··· Data under study ···
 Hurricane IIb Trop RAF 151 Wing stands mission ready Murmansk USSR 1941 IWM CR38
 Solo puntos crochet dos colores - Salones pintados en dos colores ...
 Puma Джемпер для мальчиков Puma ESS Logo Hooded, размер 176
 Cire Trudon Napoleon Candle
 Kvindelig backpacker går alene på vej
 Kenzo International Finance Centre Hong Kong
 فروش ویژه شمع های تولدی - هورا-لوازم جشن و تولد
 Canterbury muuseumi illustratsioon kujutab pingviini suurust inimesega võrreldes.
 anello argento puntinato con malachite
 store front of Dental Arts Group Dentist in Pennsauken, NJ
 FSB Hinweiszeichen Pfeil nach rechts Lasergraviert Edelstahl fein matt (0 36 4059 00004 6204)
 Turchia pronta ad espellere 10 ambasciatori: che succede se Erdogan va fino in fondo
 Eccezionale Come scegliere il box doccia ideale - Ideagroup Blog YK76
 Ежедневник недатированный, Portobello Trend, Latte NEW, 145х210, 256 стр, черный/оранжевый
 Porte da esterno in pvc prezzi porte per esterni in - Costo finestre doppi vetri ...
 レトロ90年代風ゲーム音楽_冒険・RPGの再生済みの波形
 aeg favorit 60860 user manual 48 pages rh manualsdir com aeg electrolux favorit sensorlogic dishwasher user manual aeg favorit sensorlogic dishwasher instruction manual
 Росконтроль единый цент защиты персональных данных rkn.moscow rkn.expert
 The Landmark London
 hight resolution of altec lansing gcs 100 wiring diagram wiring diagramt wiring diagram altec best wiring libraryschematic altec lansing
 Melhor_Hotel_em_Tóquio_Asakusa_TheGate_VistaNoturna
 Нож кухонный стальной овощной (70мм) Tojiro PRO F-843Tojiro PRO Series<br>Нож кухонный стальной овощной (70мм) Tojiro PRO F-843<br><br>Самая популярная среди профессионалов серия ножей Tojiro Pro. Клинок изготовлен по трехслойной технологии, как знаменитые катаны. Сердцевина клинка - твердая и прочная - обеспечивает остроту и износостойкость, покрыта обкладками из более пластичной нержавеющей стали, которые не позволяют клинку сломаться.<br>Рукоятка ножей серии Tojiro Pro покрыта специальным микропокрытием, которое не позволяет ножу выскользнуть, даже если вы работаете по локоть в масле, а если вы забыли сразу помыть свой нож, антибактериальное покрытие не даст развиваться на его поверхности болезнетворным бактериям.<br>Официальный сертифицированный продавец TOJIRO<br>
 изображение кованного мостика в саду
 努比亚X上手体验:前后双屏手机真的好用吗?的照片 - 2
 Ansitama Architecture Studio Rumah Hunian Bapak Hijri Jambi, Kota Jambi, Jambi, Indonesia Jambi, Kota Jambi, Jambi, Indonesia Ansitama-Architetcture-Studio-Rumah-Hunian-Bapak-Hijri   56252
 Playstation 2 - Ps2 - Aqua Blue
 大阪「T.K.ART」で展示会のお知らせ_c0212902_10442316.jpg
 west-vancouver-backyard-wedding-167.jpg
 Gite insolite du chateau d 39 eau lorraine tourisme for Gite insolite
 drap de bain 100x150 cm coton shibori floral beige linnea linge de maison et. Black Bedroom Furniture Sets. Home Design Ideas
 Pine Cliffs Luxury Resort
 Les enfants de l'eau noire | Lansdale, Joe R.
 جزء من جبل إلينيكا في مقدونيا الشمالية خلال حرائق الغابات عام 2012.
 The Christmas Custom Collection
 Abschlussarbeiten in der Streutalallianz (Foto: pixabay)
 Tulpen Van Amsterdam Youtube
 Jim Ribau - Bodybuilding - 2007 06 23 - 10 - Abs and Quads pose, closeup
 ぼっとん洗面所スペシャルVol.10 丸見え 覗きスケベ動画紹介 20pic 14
···
An exact copy of the lines above between the line holding "努比亚X上手体验:前后双屏手机真的好用吗?的照片 - 2" and the line holding "Playstation 2 - Ps2 - Aqua Blue", inclusive, is the whole answer.

Expected answer:
 努比亚X上手体验:前后双屏手机真的好用吗?的照片 - 2
 Ansitama Architecture Studio Rumah Hunian Bapak Hijri Jambi, Kota Jambi, Jambi, Indonesia Jambi, Kota Jambi, Jambi, Indonesia Ansitama-Architetcture-Studio-Rumah-Hunian-Bapak-Hijri   56252
 Playstation 2 - Ps2 - Aqua Blue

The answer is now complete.